• **Exercise directions**: Using the listing below, give again exactly the lines from the line with "hellokittyalto.stl Download free" to the line with "Turismo 5 и сакура мерседес обоев 10 сакура", inclusive, without the pictures.

• **Available data**:
-- -- --
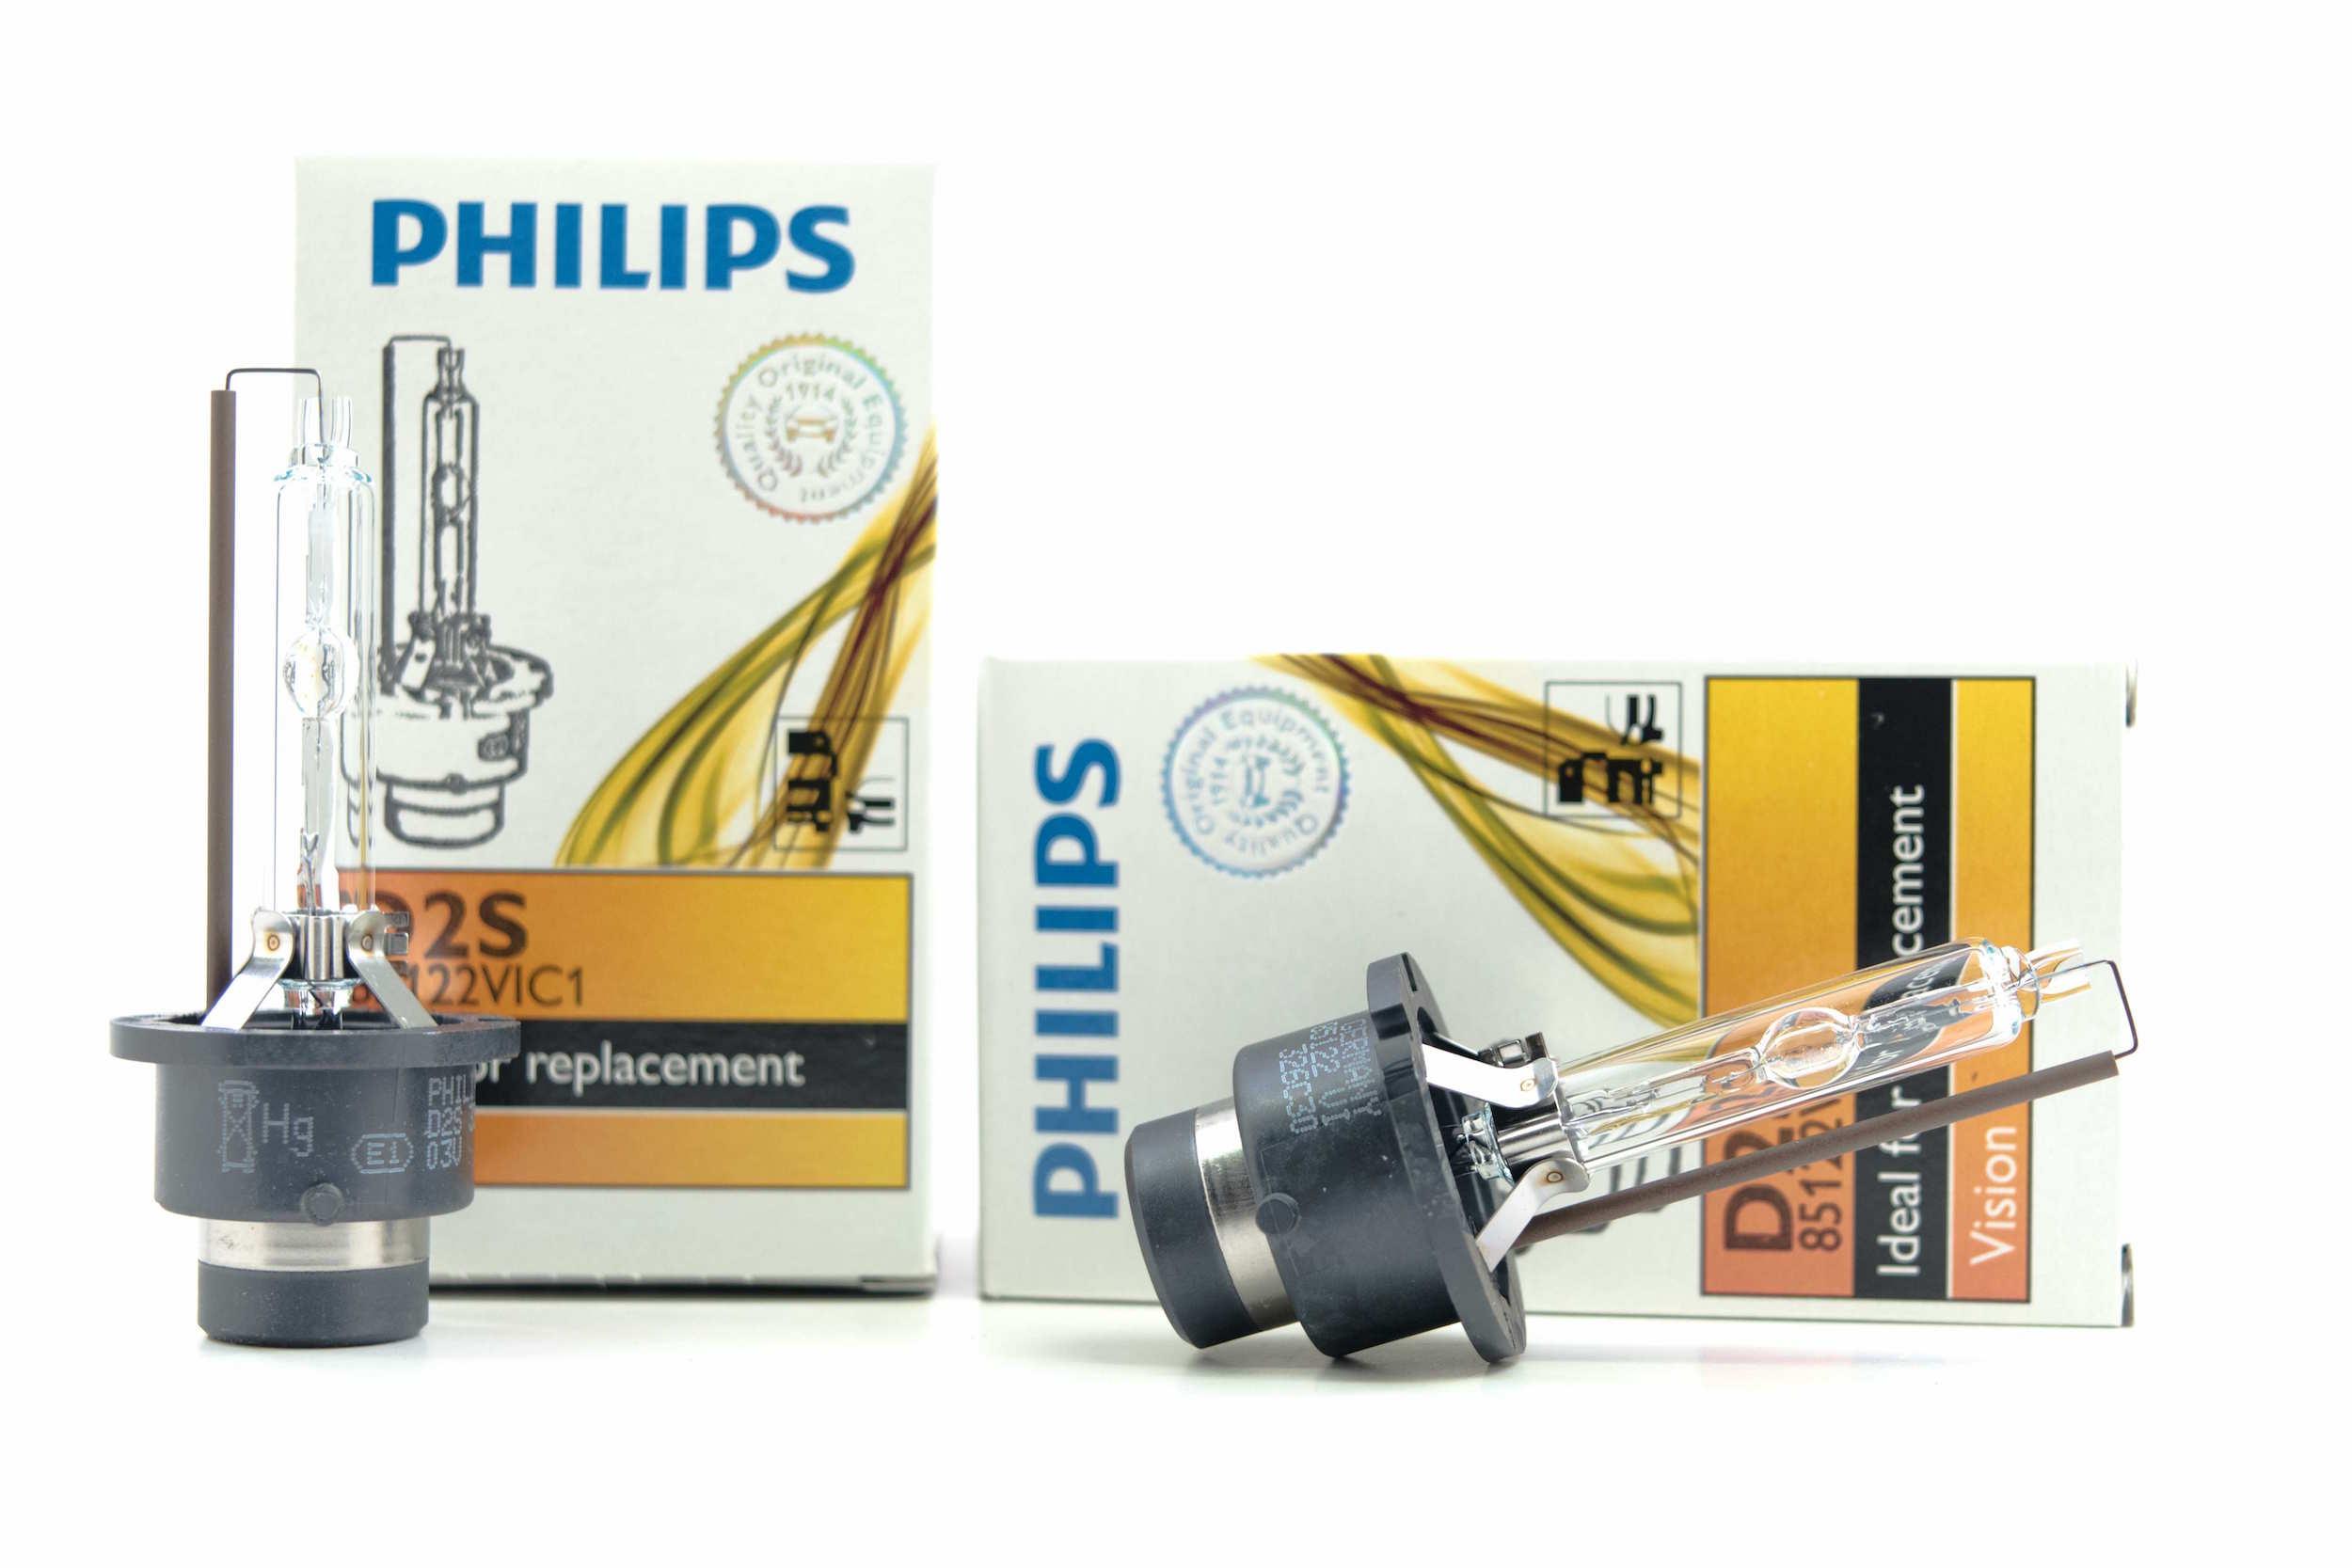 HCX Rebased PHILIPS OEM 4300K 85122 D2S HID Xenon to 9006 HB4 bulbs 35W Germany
-- -- --
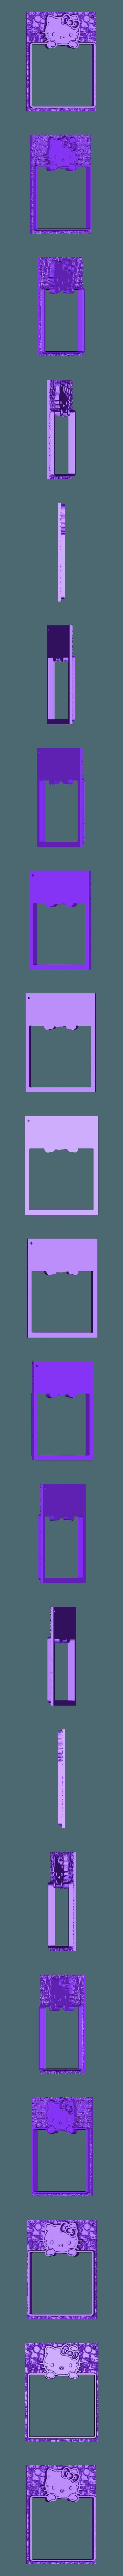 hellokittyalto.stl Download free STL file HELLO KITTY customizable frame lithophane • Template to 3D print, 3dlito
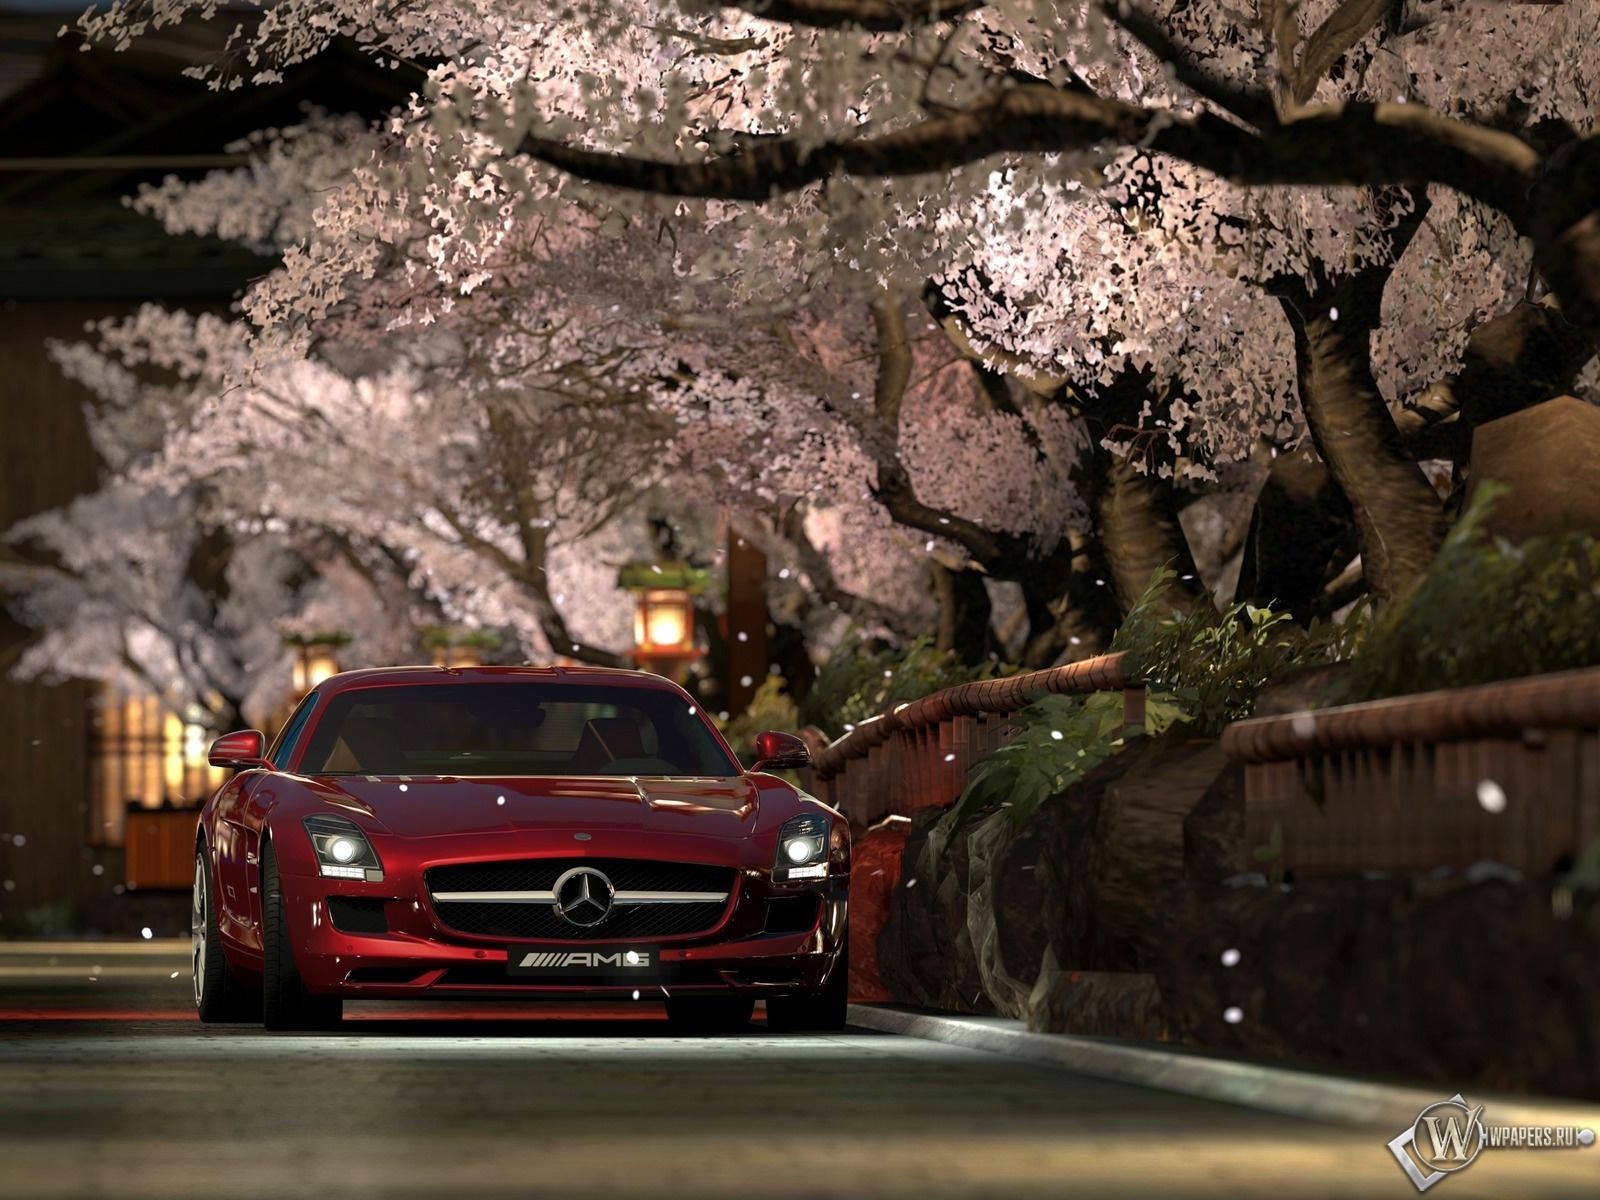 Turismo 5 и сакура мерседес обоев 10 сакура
-- -- --
• **Exercise solution**:
 hellokittyalto.stl Download free STL file HELLO KITTY customizable frame lithophane • Template to 3D print, 3dlito
 Turismo 5 и сакура мерседес обоев 10 сакура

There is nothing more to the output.